Wednesday, January 19, 2011

Do we turn them away?

kw: medicine, insurance, mandates

When my grandmother had a stroke in 1972 she was taken to a hospital, where she died the next day. My mother remarked later, "If she had awoken in the hospital, she'd have died of apoplexy." It was her first visit to a hospital since 1918, when her first child was born. That birth experience so disgusted her that she had her younger children, including my mother, on the kitchen table, delivered by my grandfather. She never partook of medical services again, consciously at least.

From 1918 to 1972 is 54 years. More than a half century during which she spent not a penny on medical services. That is how she wanted it. More to the point, when my grandfather became troubled by dementia, probably Alzheimer's although it was called "hardening of the arteries" in the 1960s, she cared for him at home, right up until his death at age 75.

My grandparents ran a family business their entire lives together. Their only employees were their children. They had no medical insurance. Being well-to-do, when they needed a doctor to see to a sick child, and that was very rare, they simply paid for it. What would they have paid for insurance, had they had any?

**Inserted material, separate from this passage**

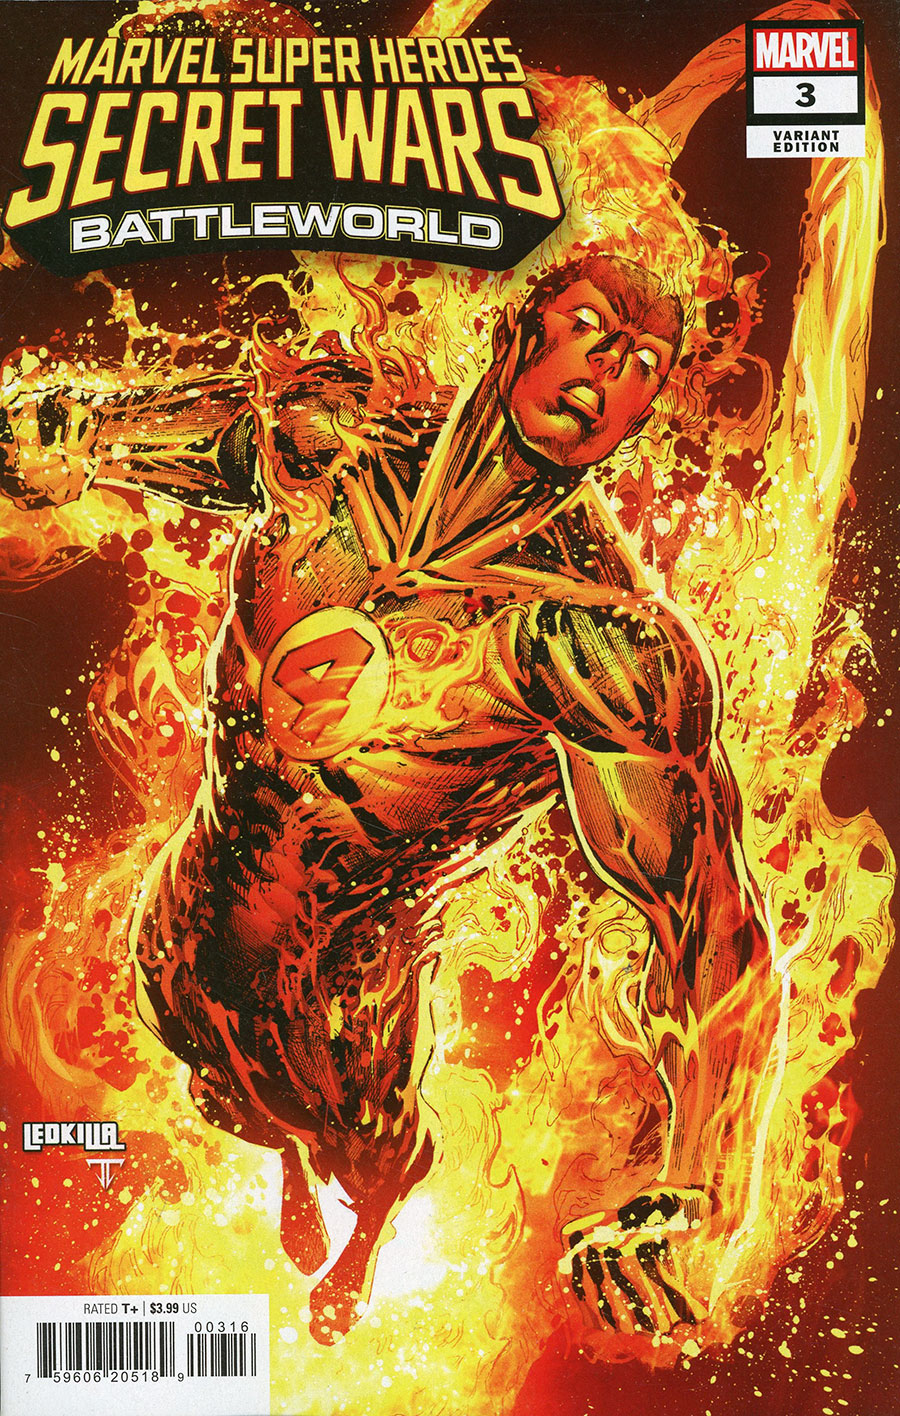 Marvel Super Heroes Secret Wars Battleworld #3 Cover F Incentive Ken Lashley Variant Cover

The current medical insurance premium for a family of five is about $14,000 yearly, or nearly $1,200 per month. If you have insurance, that is what is being paid, probably by your employer. That is what it has to be because the average American family uses on average more than $1,000 in medical services monthly. Now if we back out inflation and other changes in the value of money over time, consider what fifty years of such insurance would cost: $700,000. About three-quarters of a million dollars (current 2010 dollars). This is the level of payment that every family will be required to pay in medical insurance premiums according to the "Patient Protection and Affordable Care Act", often nicknamed Obamacare.

I am inclined to bridle strongly at the notion that people should be forced to buy medical insurance. The original bill was sold to the American public as a way to make medical insurance "available to all" at affordable rates. Making something available is definitely not the same as making it mandatory. On the other hand, what if we don't? What if the effort to repeal PPACA were to succeed? And further, what if a new law were passed that provided insurance to all who wanted it, at the same cost to all (that'll be the day!), but did not force people to buy any?

A single consideration illuminates the problem. Will there also be a mandate to care for everyone, insured or not? If there is, what incentive will people have to pay for insurance? Or will there be an explicit proviso that hospitals and doctors can decline to care for someone who is not insured and cannot privately pay? Will they actually turn patients away at the door? Will ambulance crews be required to check the insurance status and solvency of a person before taking them to the emergency room? "That one's not insured, leave him there." Really?

Though I am conservative, a registered Republican, I must reluctantly affirm that this is just like automobile insurance, which is currently a requirement in nearly every state, and will eventually be a national requirement. If you are alive, you will pay medical insurance premiums. Life is uncertain. You cannot guarantee that you will live fifty years without the need to get medical help. My poor grandmother would be spitting mad at such a requirement. It can't be helped.

I look back at my working career, in which I have had medical insurance since 1967. It has proportionally risen the most in recent years, so I can only give an approximate figure, but in current dollars, the premiums, mostly company paid, total about $400,000. Would I like to have that money in my bank account instead? You bet. But I've had some expensive medical stuff done, so I don't grudge it.

There are bound to be horror stories of all kinds, no matter what kind of medical insurance law we live under in the next fifty years. Our task as a civilized society is to continue to revise laws to minimize the horror stories, and to make right what we can when one occurs. That is what we have done for 234 years so far, with variable success. It beats anarchy.